# [TIP] Comandare ALSA con i tasti multimediali

## mouser

Ciao a tutti.

Che dire, oggi sono stra produttivo.

Ecco come poter comandare il nostro mixer con i tasti multimediali della tastiera e, perchè no, anche avendo a video una barra di scorrimento che ci indichi come siamo messi in percentuale con l'audio.

Prima di tutto installiamo i programmi che ci servono:

```
# emerge -av xbindkeys xosd alsa-utils
```

Terminata questa operazione, semplicemente, scarichiamo questo script e copiamolo dove sia eseguibile.

```
# wget http://mouser.altervista.org/software/gentoo/volume-osd

# chmod +x volume-osd

# chown root:root volume-osd

# mv volume-osd /usr/bin/
```

Fatto questo lanciamo xbindkeys per leggere quali tasti sono bindati con i controlli di aumento/riduzione/muto del volume

```
$ touch ~/.xbindkeysrc && xbindkeys -k
```

Dopodichè associamo ad ogni tasto un'azione dello script precedentemente scarricato. Il mio .xbindkeysrc è così:

```
$ cat ~/.xbindkeysrc

"/usr/bin/volume-osd -"

    m:0x0 + c:174

"/usr/bin/volume-osd +"

    m:0x0 + c:176

"/usr/bin/volume-osd"

    m:0x0 + c:160
```

Come si capisce, ho i controlli per diminuire, aumentare e togliere/mettere il volume.
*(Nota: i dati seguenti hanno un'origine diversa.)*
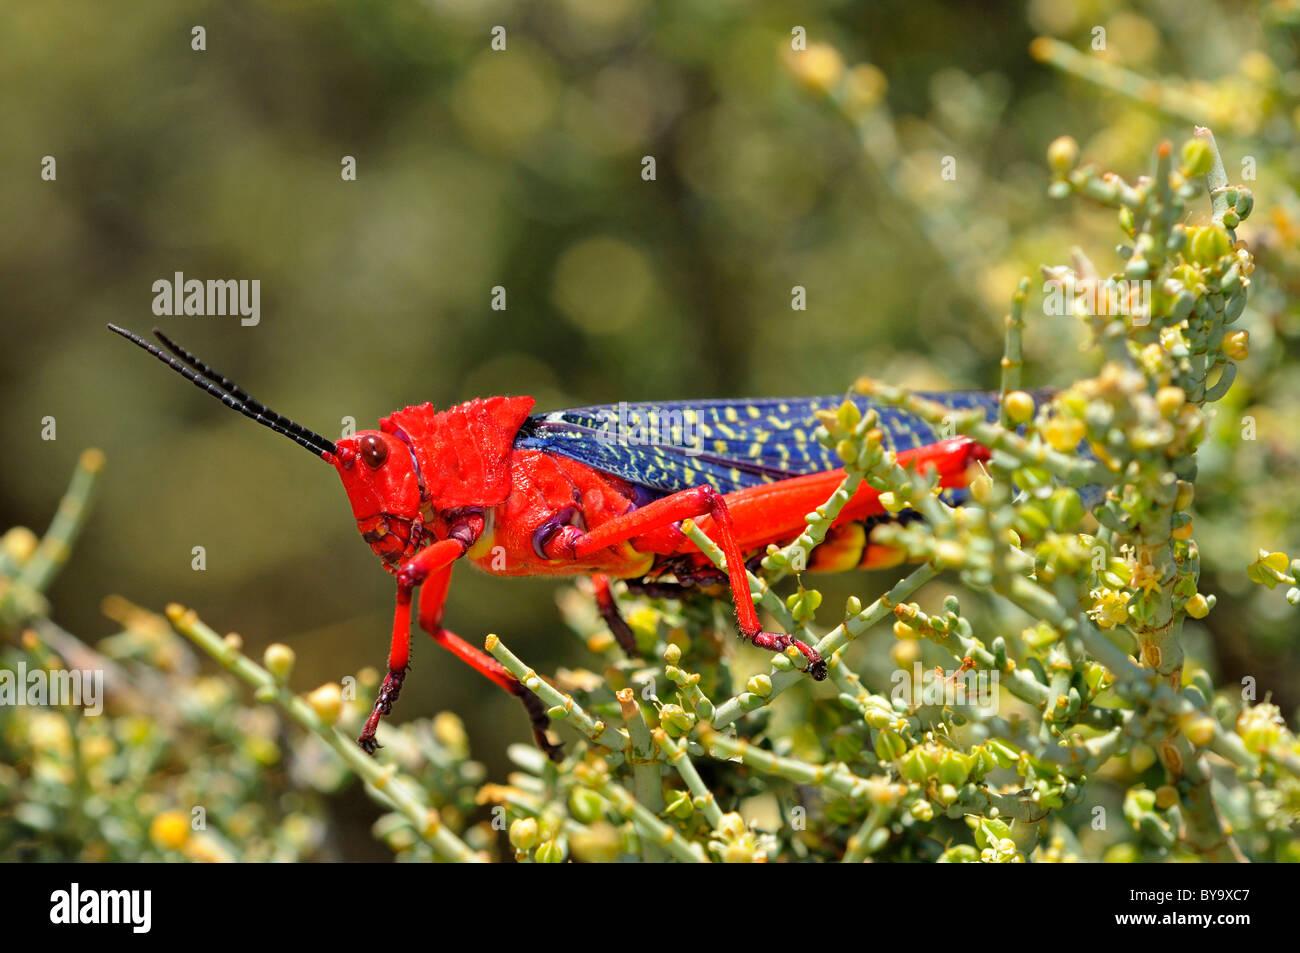 Common milkweed locust, Goegap Nature Reserve, Namaqualand, South Africa - Stock Image
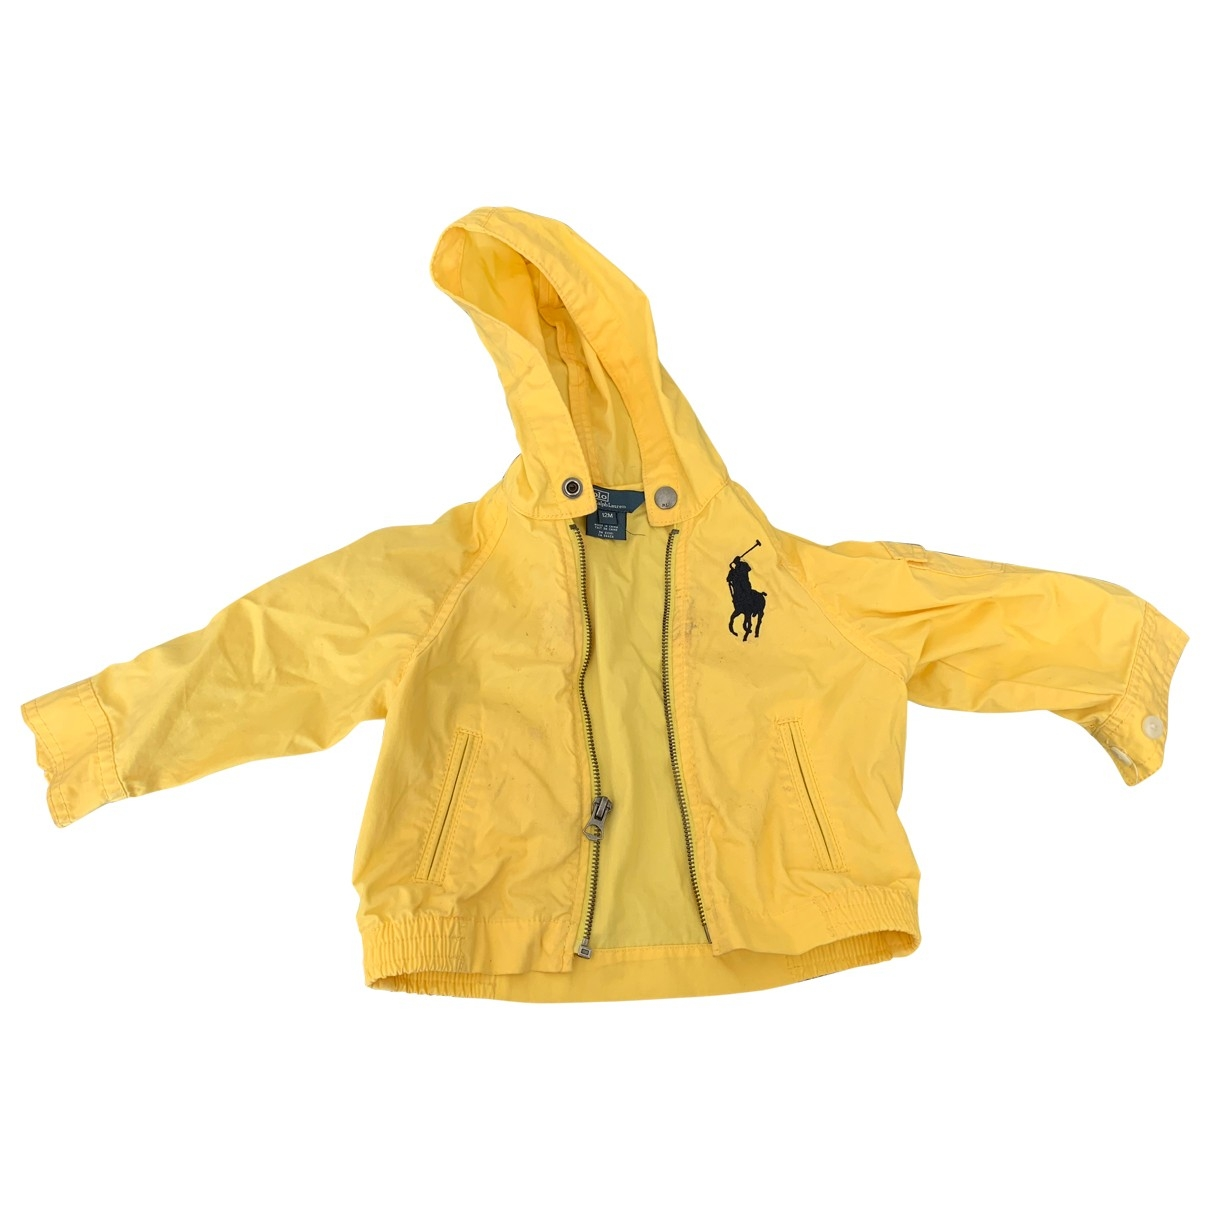 Polo Ralph Lauren \N Jacke, Maentel in  Gelb Polyester

Rilanciamo xbindkeys per attivare questi bind

```
$ pkill xbindkeys && xbindkeys
```

E vuallà

Ciriciao

mouser  :Wink: 

----------

## bandreabis

Ciao mouser  :Razz: 

Io ho sempre avuto il problema che se riavvio con muto attivo, al riavvio il bottone non disattiva più il muto.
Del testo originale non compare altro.